CE1#ping 22.22.22.22 df-bit re 1 size 1500

Type escape sequence to abort.
Sending 1, 1500-byte ICMP Echos to 22.22.22.22, timeout is 2 seconds:
Packet sent with the DF bit set
M
Success rate is 0 percent (0/1)
CE1#
*Apr 26 17:25:27.099: ICMP: dst (192.168.11.1) frag. needed and DF set unreachable rcv from 192.168.14.1
CE1#ping 33.33.33.33 df-bit re 1 size 1500

Type escape sequence to abort.
Sending 1, 1500-byte ICMP Echos to 33.33.33.33, timeout is 2 seconds:
Packet sent with the DF bit set
M
Success rate is 0 percent (0/1)
CE1#
*Apr 26 17:25:33.855: ICMP: dst (192.168.11.1) frag. needed and DF set unreachable rcv from 192.168.14.1

OK, we are getting an ICMP unreachable back from PE1 exactly as expected.
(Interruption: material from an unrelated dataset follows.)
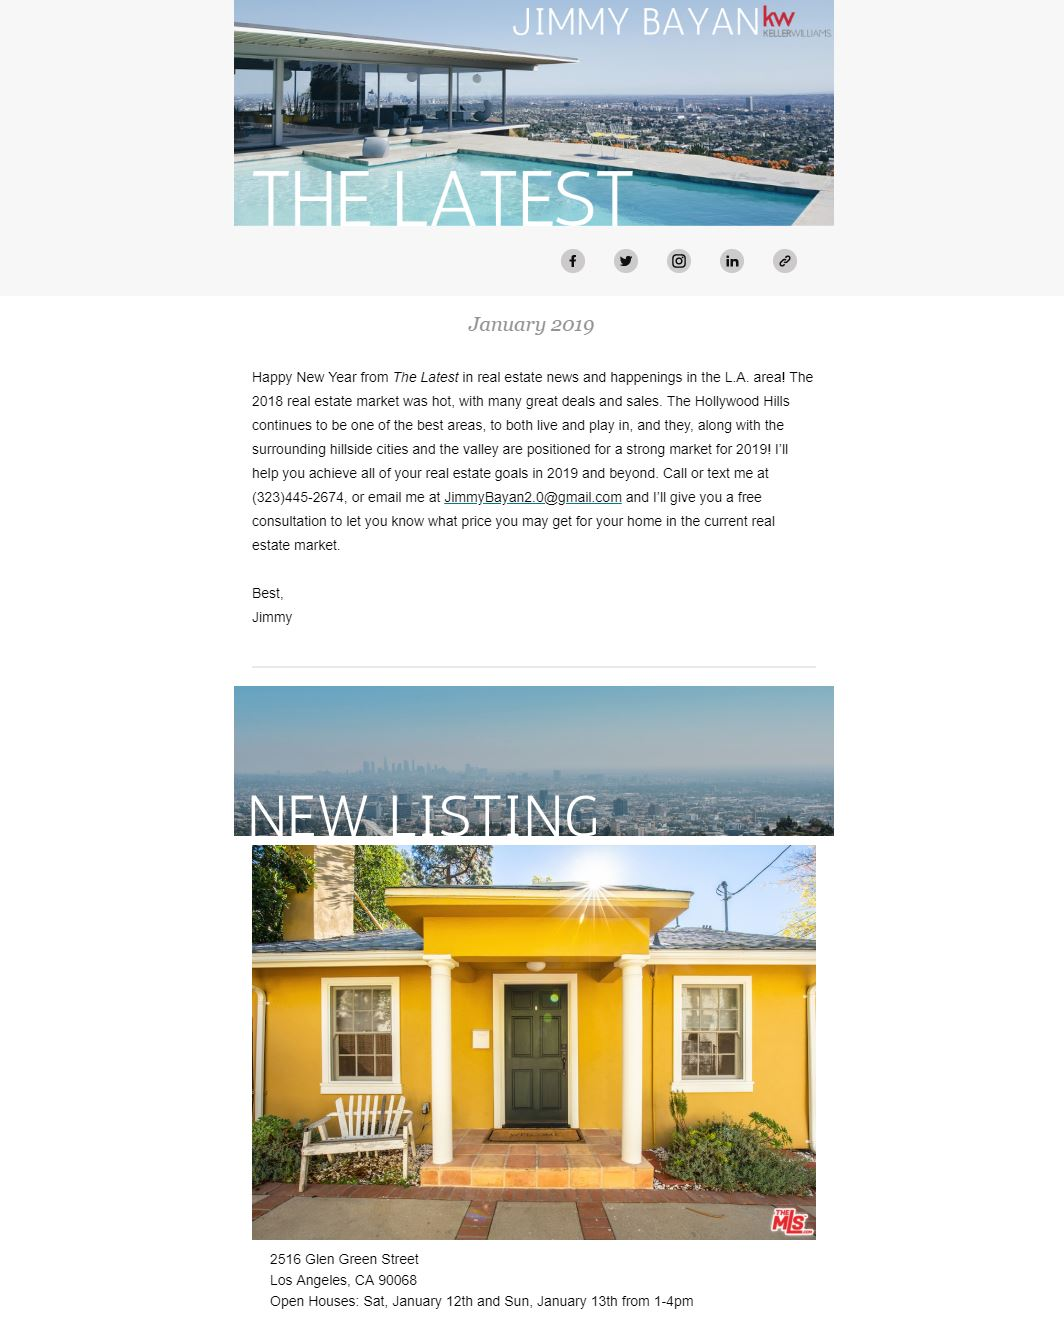 MailChimp newsletter for Los Angeles real estate agent

We know that MPLS VPNs adds 2 labels to the stack, and therefore adds an extra 8 bytes of overhead, so all we need to do is increase the interface MTU to allow this extra data. From previous posts in this series we know how the different software does things.

On PE1, the IOS-XR router, the interface MTU will be increased to 1522 (1514 + 8), and the MPLS MTU will be set to 1508.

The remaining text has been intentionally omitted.